◆ ABOUT THIS TASK: All lines from the one containing "More Help Available" through the final line of the listing below, and no others, must be returned exactly; no pictures belong in the copy.

◆ COLLECTED MATERIAL:
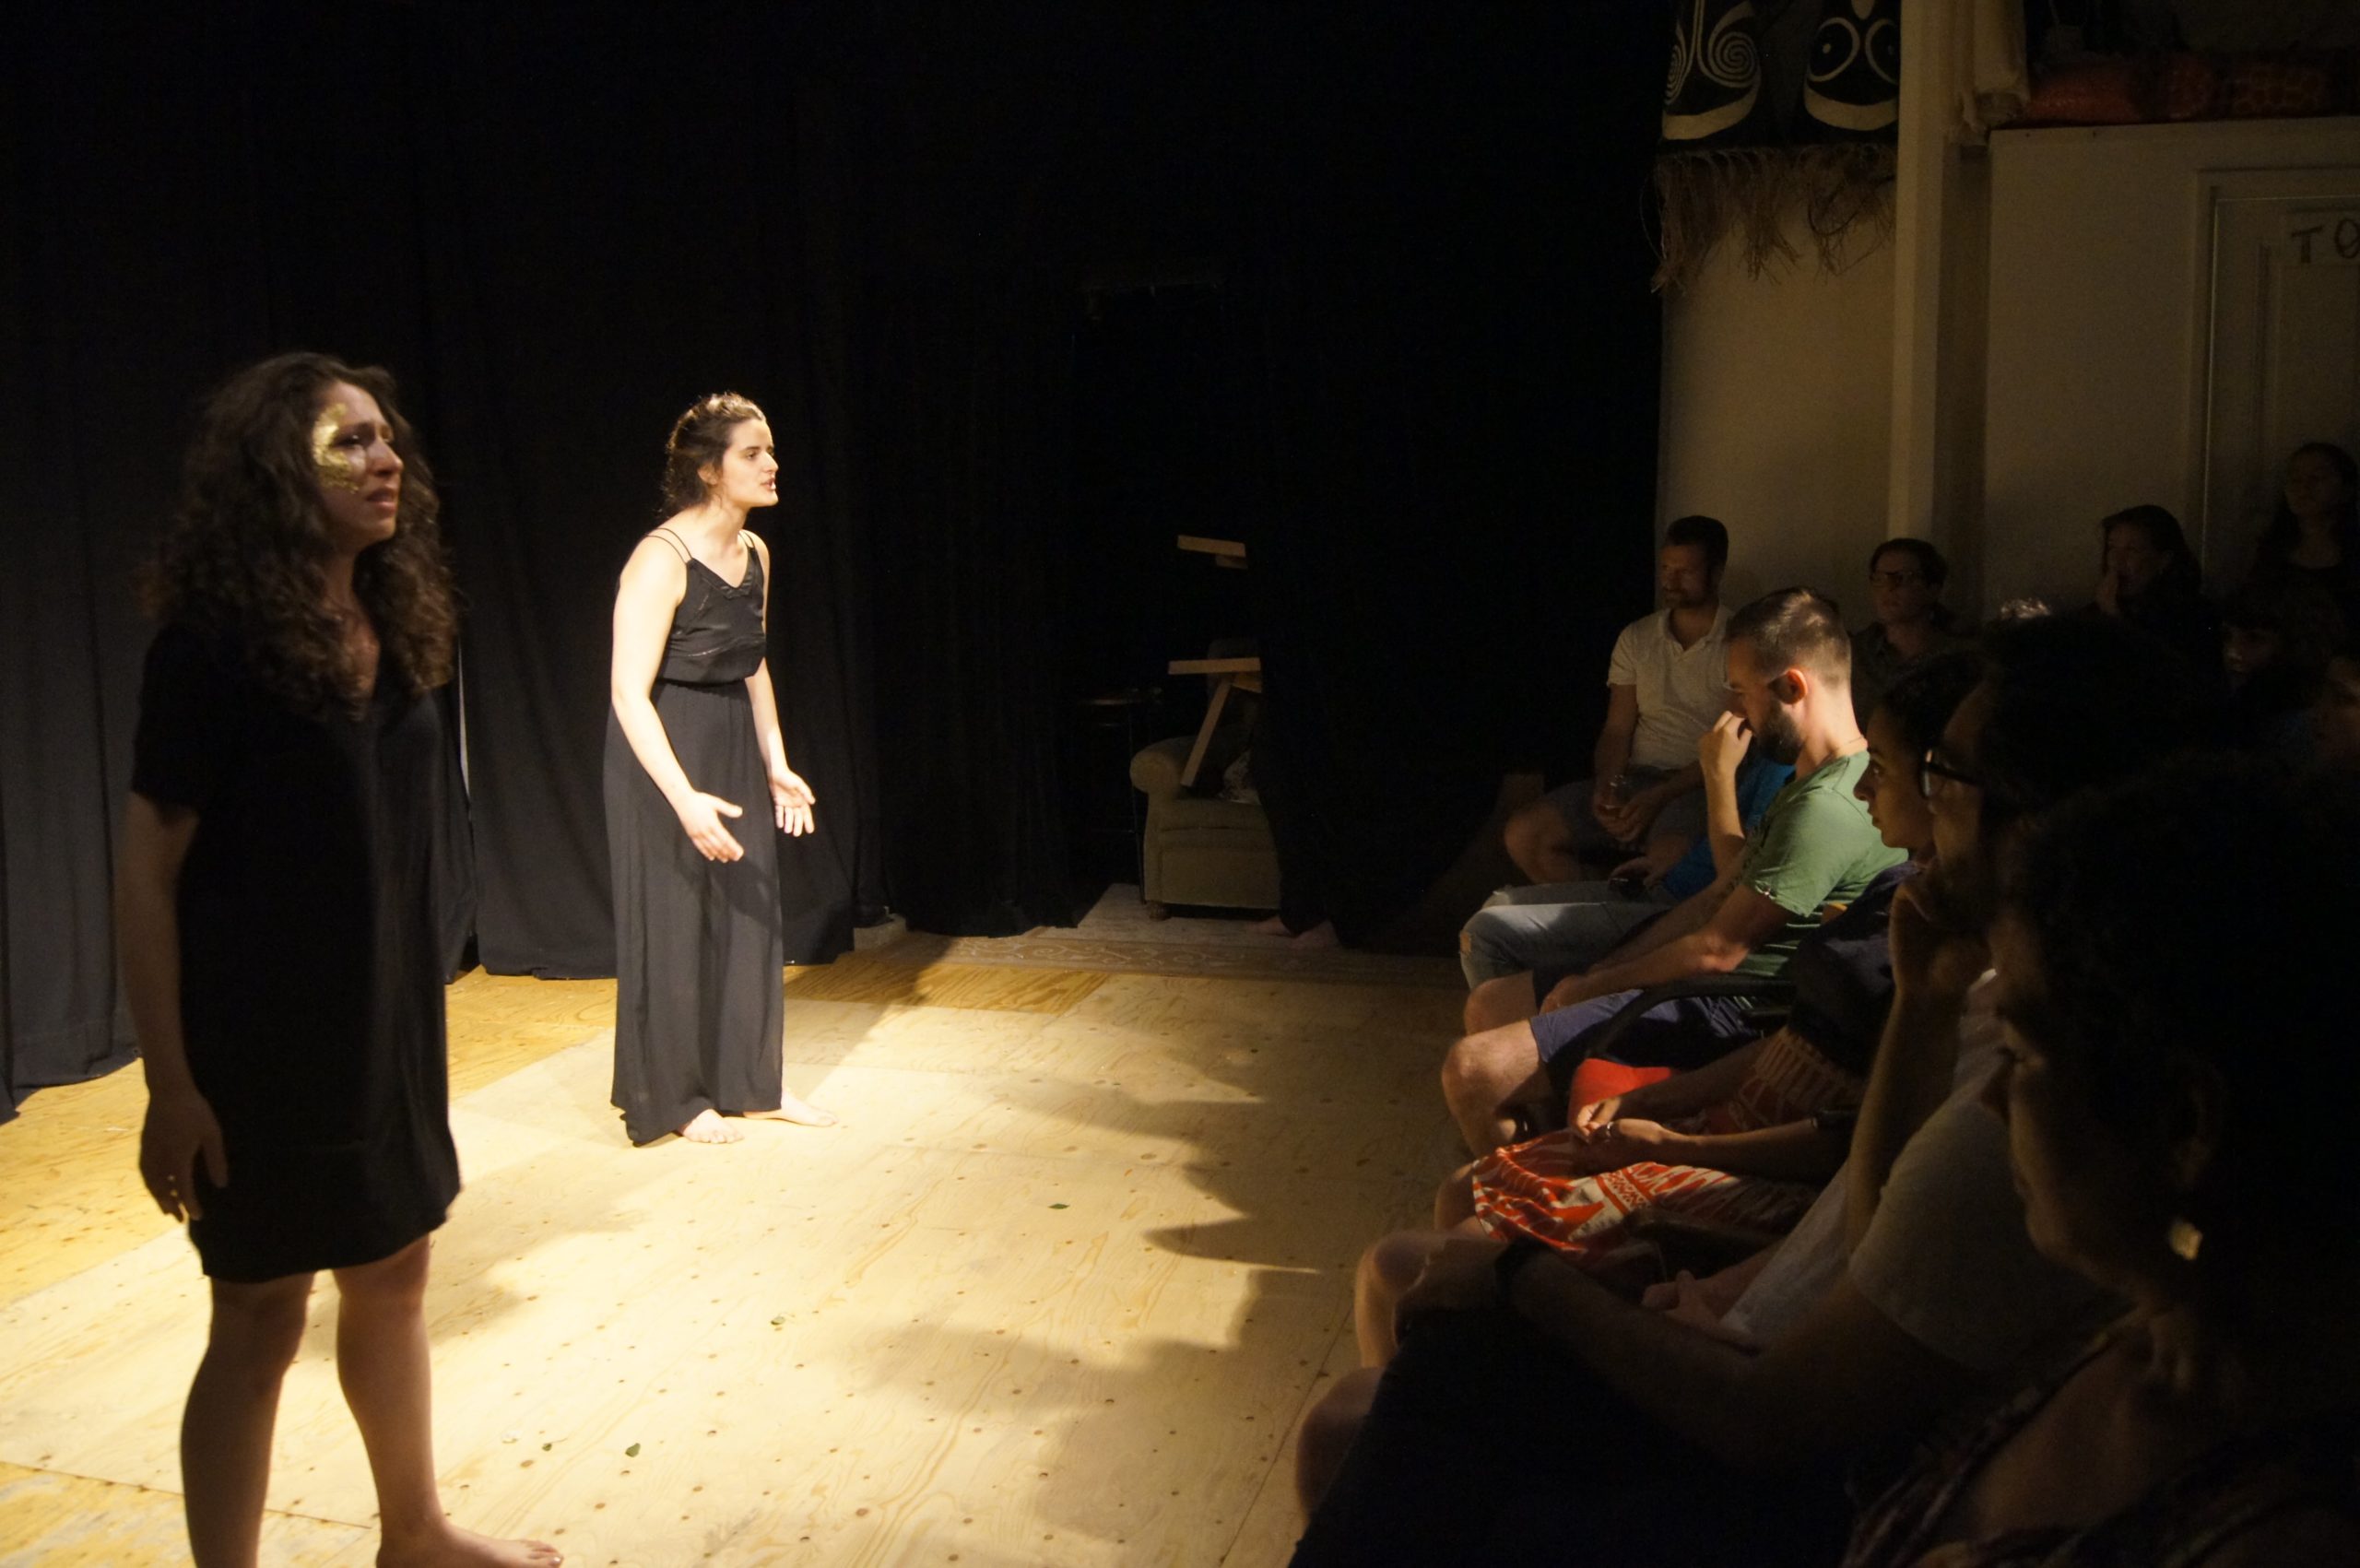 Theatre performance, two women on stage with black dresses, standing in front of audience. They are crying while speaking.
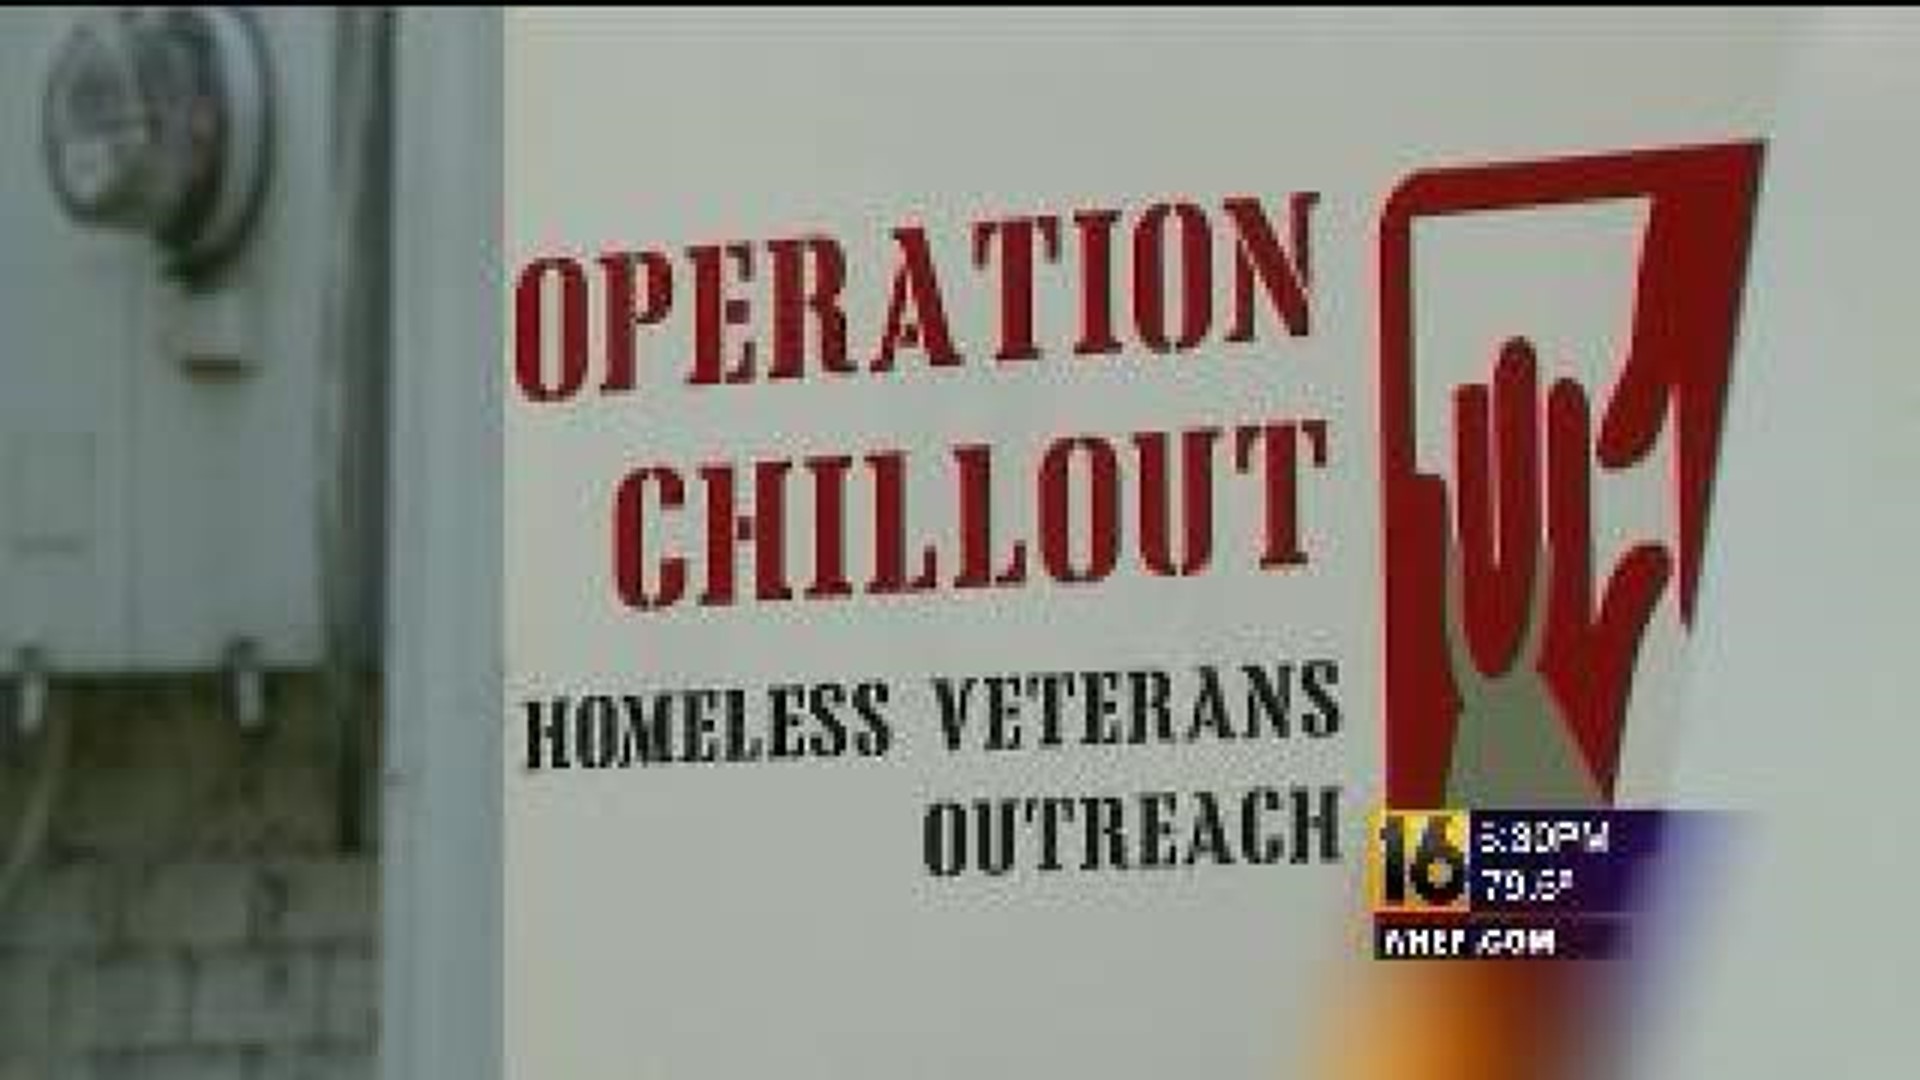 More Help Available For Homeless Veterans in the Poconos
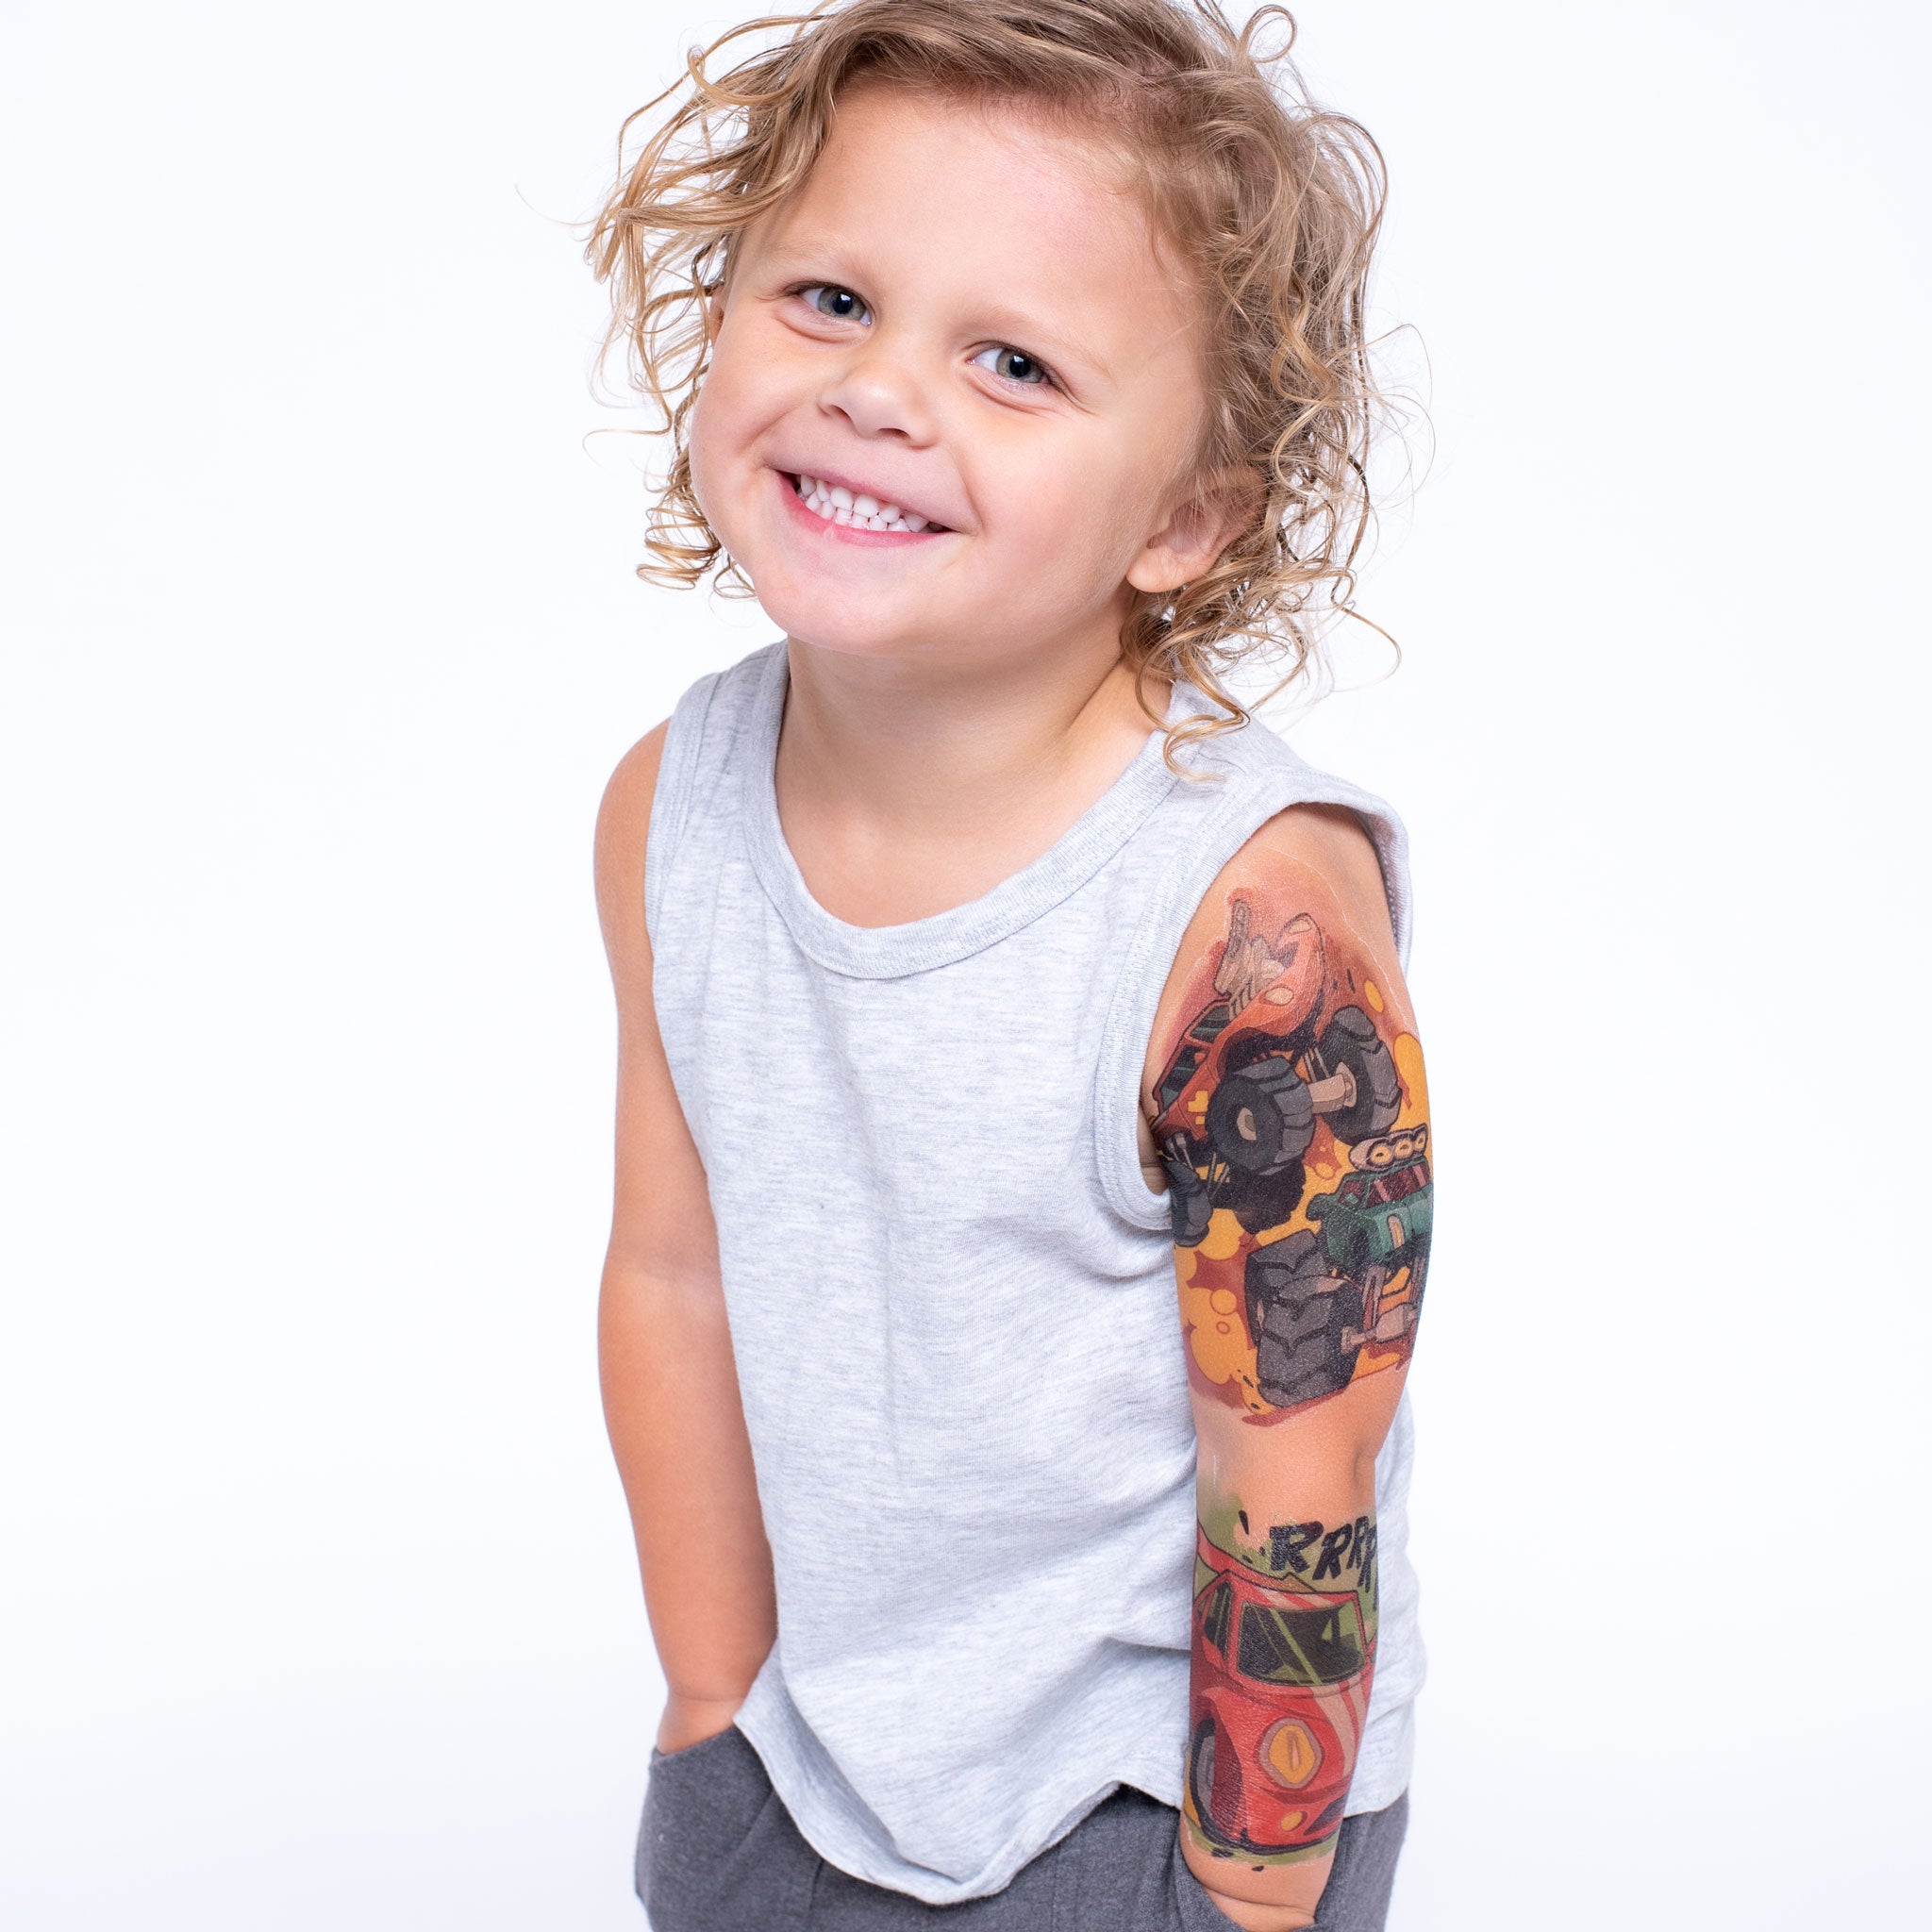 Large Black Totem Full Arm Temporary Arm Tattoo Waterproof Skull Lion Sleeve  Sticker For Boys 5731123 From Nomt, $14.45 | DHgate.Com

◆ SOLUTION TO THE PROBLEM:
 More Help Available For Homeless Veterans in the Poconos
 Large Black Totem Full Arm Temporary Arm Tattoo Waterproof Skull Lion Sleeve  Sticker For Boys 5731123 From Nomt, $14.45 | DHgate.Com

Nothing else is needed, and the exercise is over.